Advances in Multimedia (Jan 2023)

FFA-GAN: A Generative Adversarial Network Based on Feature Fusion Attention for Intelligent Safety Monitoring

  • R. Chang,
  • B. Zhang,
  • Y. Zhang,
  • S. Gao,
  • S. Zhao,
  • Y. Rao,
  • X. Zhai,
  • T. Wang,
  • Y. Yang

DOI
https://doi.org/10.1155/2023/5588547
Journal volume & issue
Vol. 2023

Abstract

Read online

With the rapid development of the national power grid, there is an increasing and strict demand for accurate intelligent management. However, the current detection algorithms have limited abilities under adverse conditions, especially in regions like Yunnan Province with complex terrain.
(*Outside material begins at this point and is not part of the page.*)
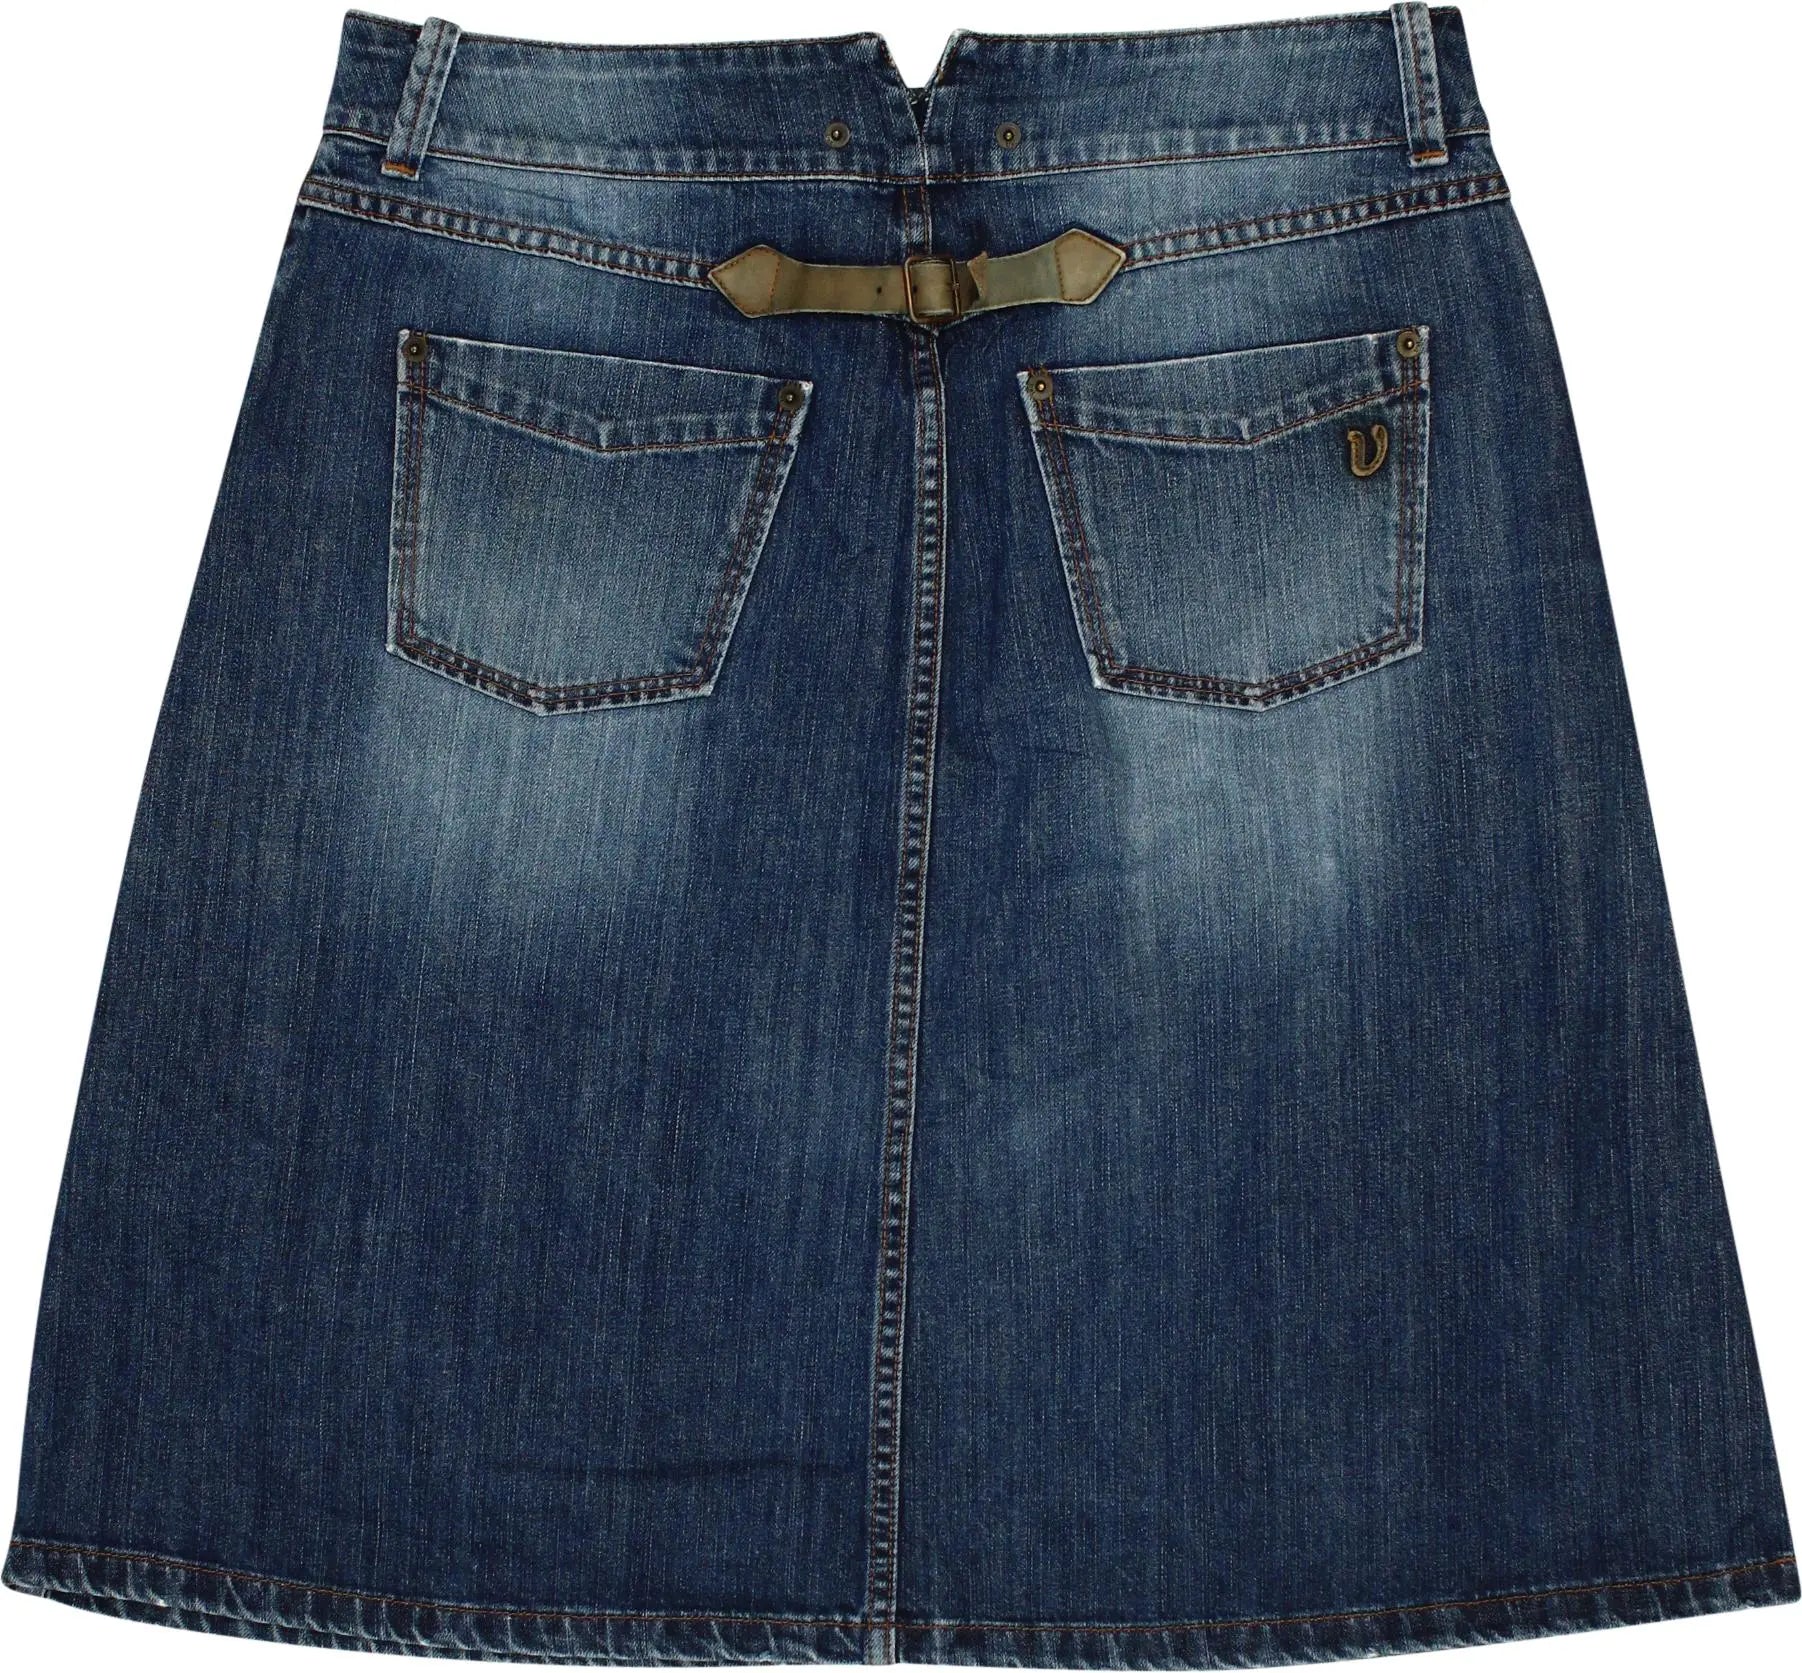 Vanilia - Denim Skirt- ThriftTale.com - Vintage and second handclothing

To address this issue, we propose a method that utilizes infrared and visible images to make the images more informative, thereby improving the accuracy of the detection algorithm for electric power construction site safety. First, we design channel attention (CA) module and pixel attention (PA) module to focus on more important channels and resist thick haze pixels that focus on the thick haze pixels and more important channel information. Furthermore, we design a two-stage discriminator which imposes two restrictions on the fused results. Finally, we conduct a large number of comparison experiments with state-of-the-art methods, and the results show that our proposed fusion method achieves excellent performance in infrared and visible image fusion. This method has good prospects for application in the safety supervision of power construction sites and provides a line of defense for construction workers.